Perhaps he was only making experiments with their venom. At any rate, he
wanted live cobras and offered a good price for them. So when Nagoo, the
snake-charmer, heard that there was a large one in Beharilal's garden,
he thought he might do good business by capturing it for the Jadoo-walla
Saheb, and at the same time demanding a reward from the timorous Bunia
for ridding him of such a dangerous neighbour. With this intent he
repaired to the garden with all the apparatus of his art, his flat
snake baskets, his mongoose and his crooked pipe.
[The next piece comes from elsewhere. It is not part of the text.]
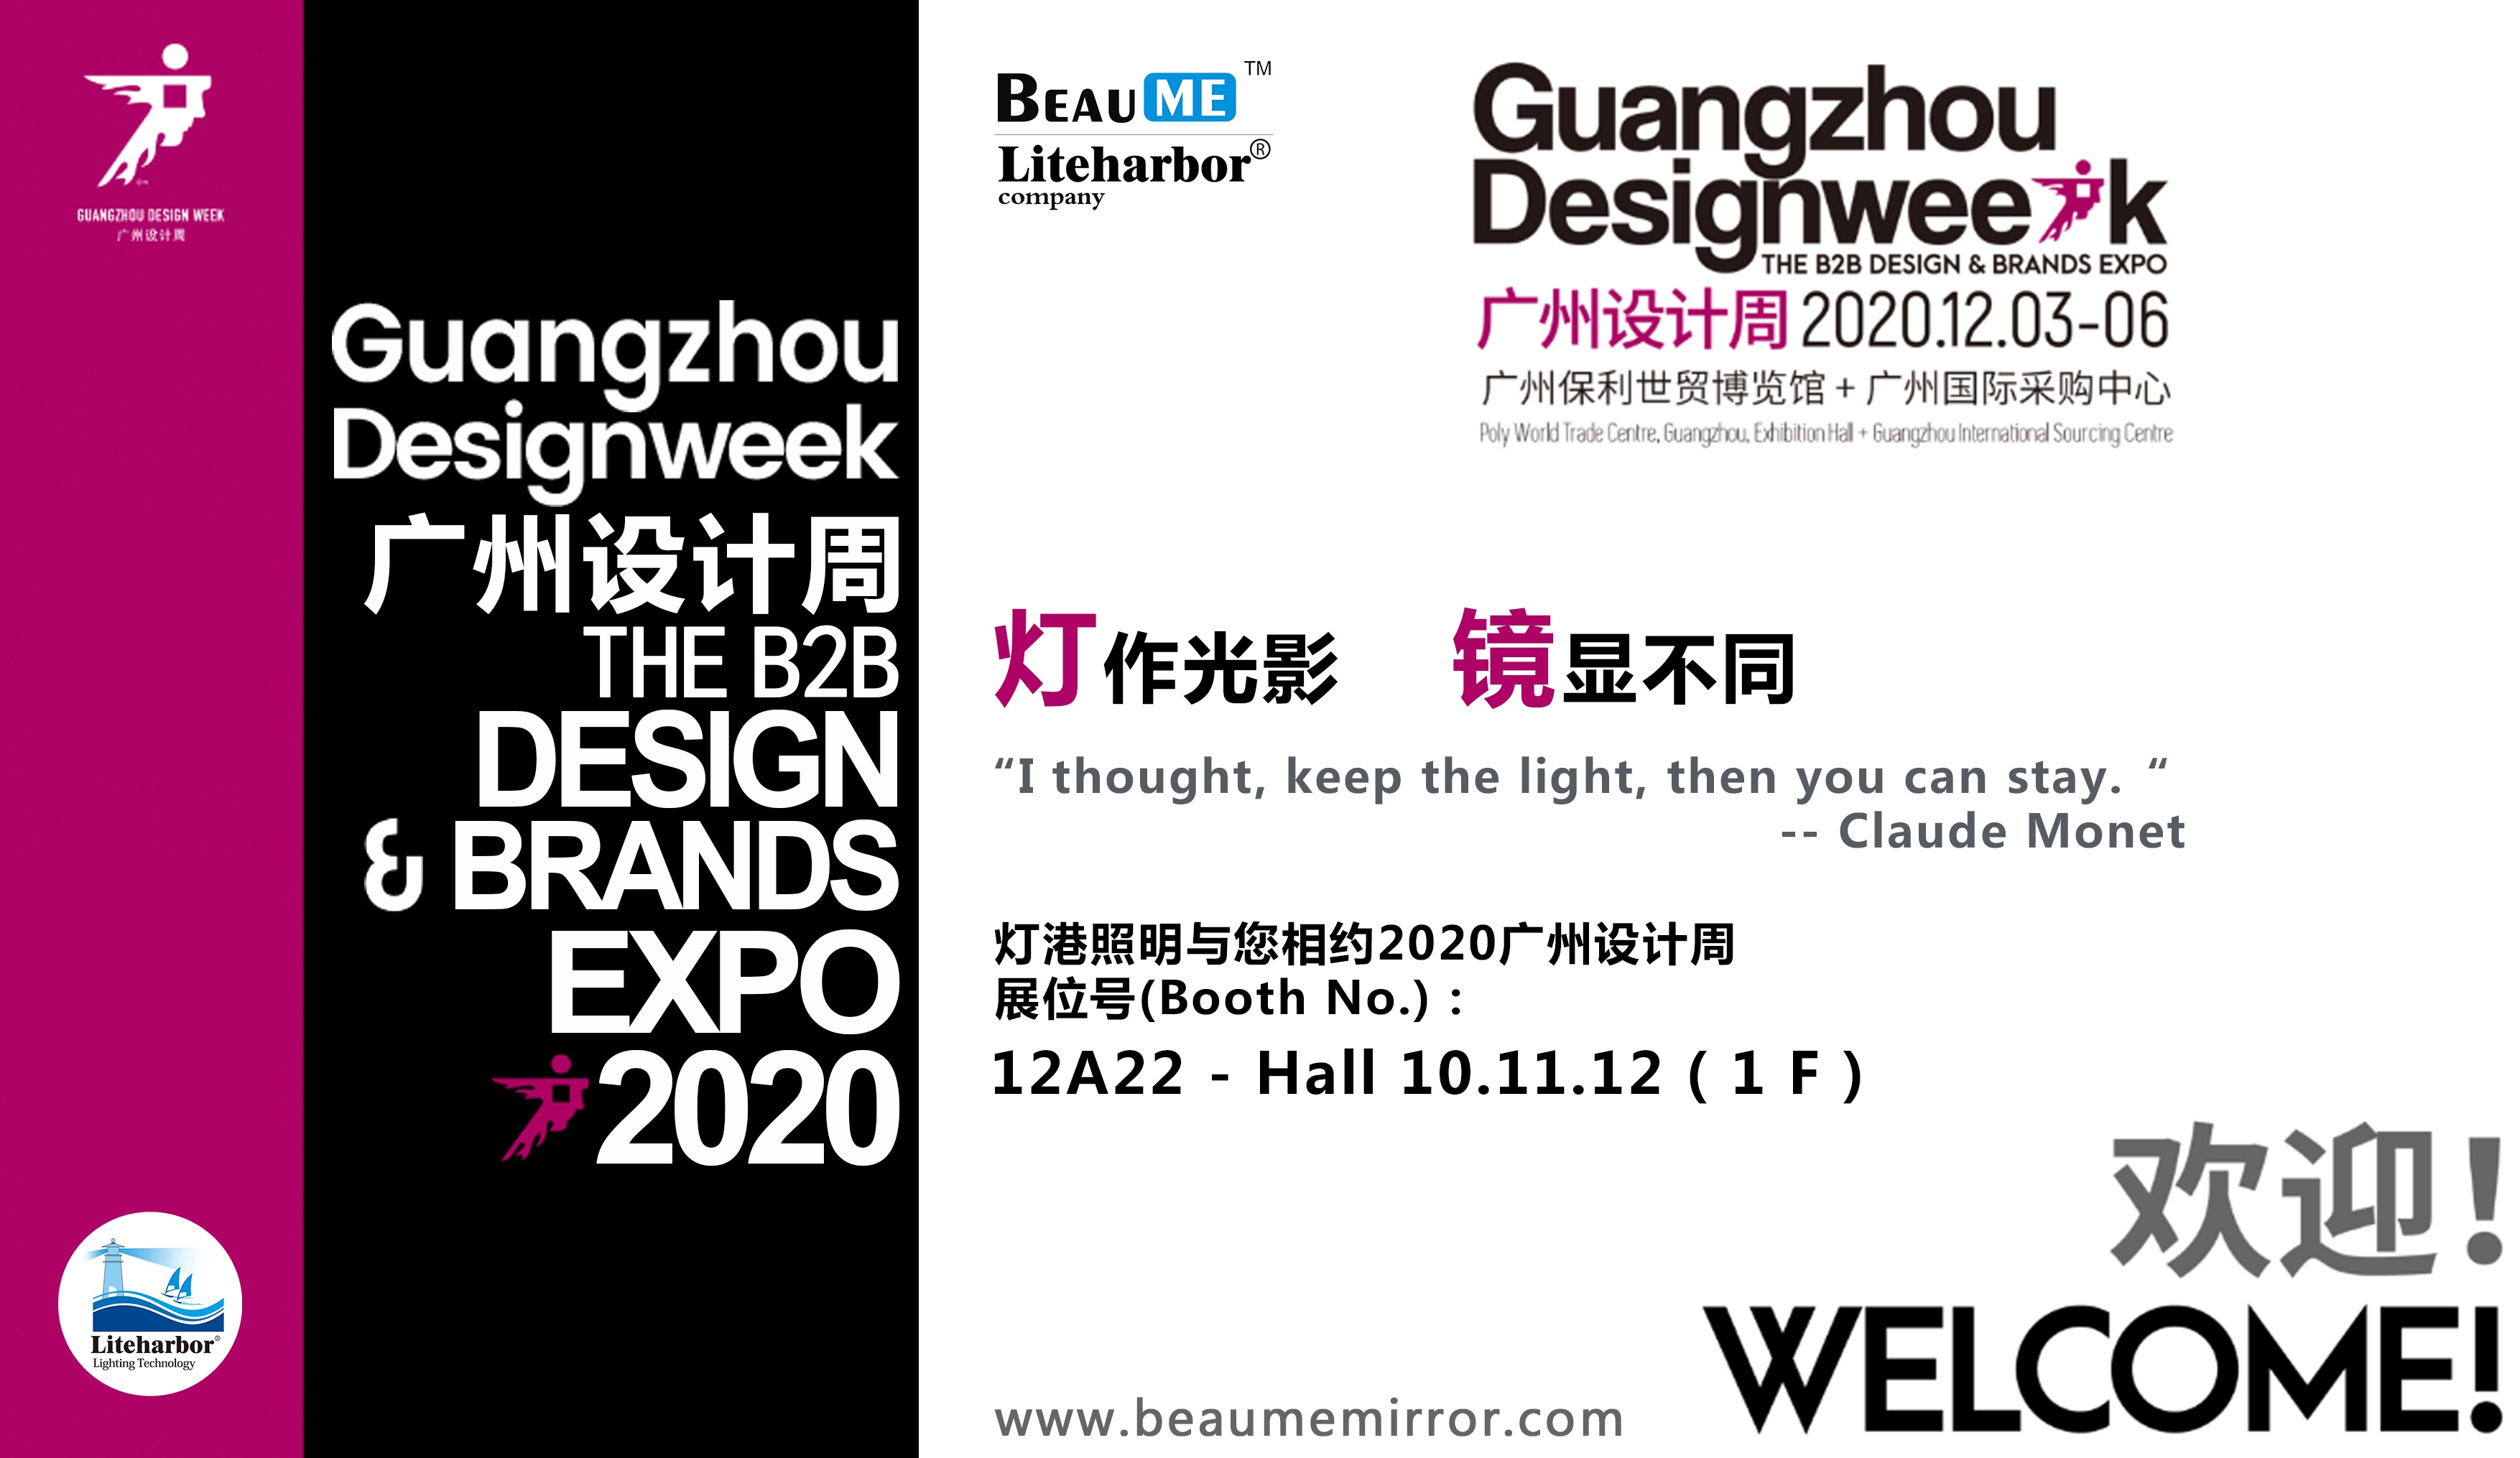 GUANGZHOU DESIGNWEEK THE B2B DESIGN & BRANDS EXPO 2020
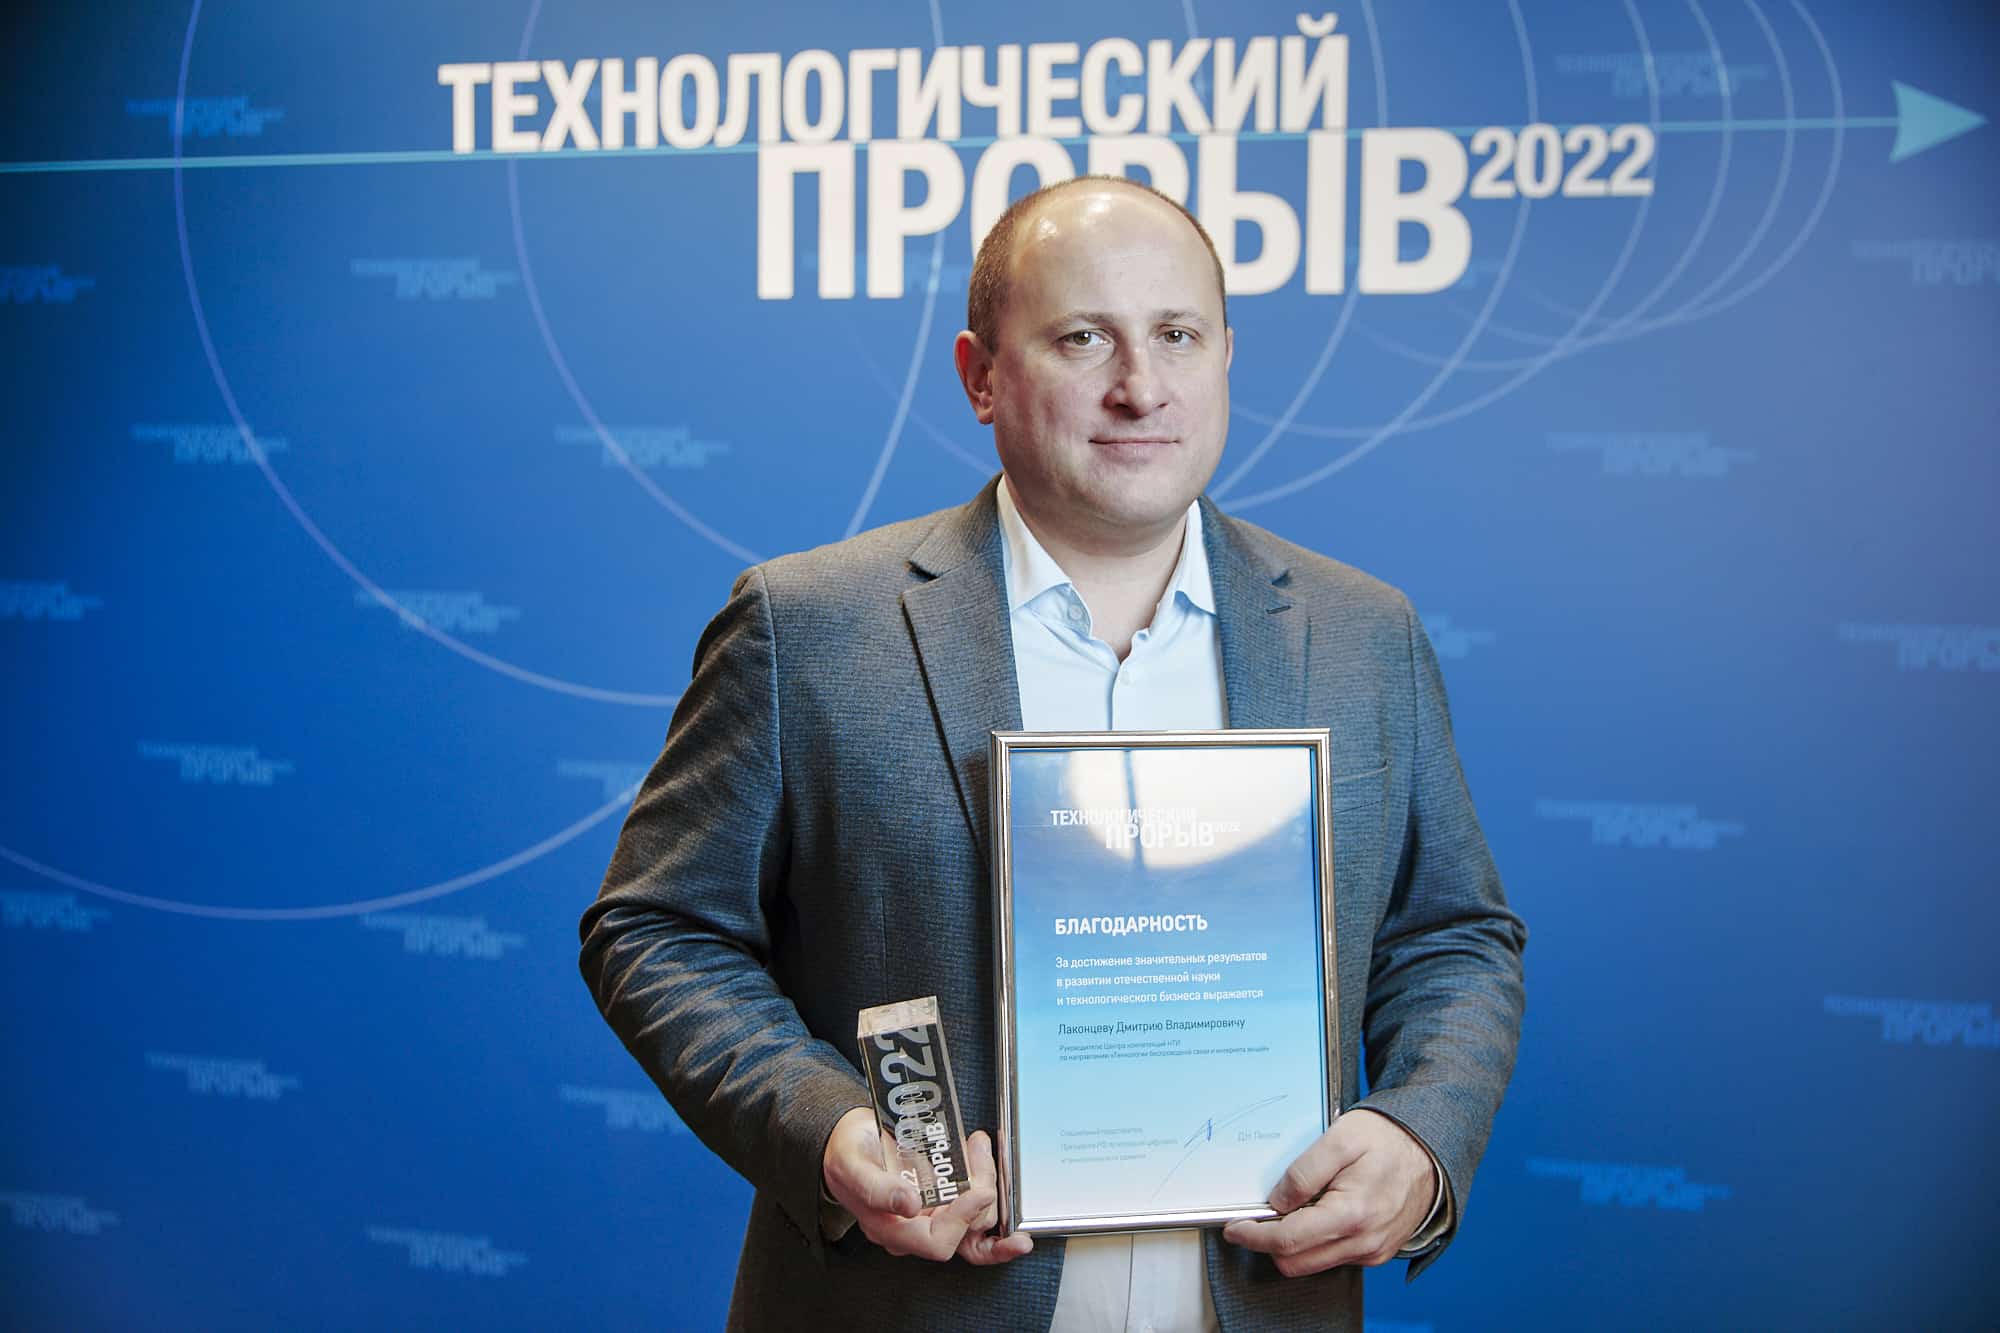 За разработки в области мобильной связи пятого поколения (5G) Дмитрий Лаконцев, возглавляющий Центр компетенций НТИ на базе Сколтеха, 8 декабря получил премию «Технологический прорыв 2022». Проекты ЦК НТИ уже третий…

Having reconnoitred
the ground, he commenced operations by sitting down on his hams and
producing such ear-splitting strains from the crooked pipe as might have
charmed Cerberus to leave his kennel at the gate of hell. Great was his
surprise and mortification when he heard the voice of Beharilal raised
in tones of unwonted passion and saw a stalwart Purdaisee advancing
towards him armed with an iron-bound lathee, who, without ceremony, nay,
with abusive epithets, hustled him and all his gear out of the garden.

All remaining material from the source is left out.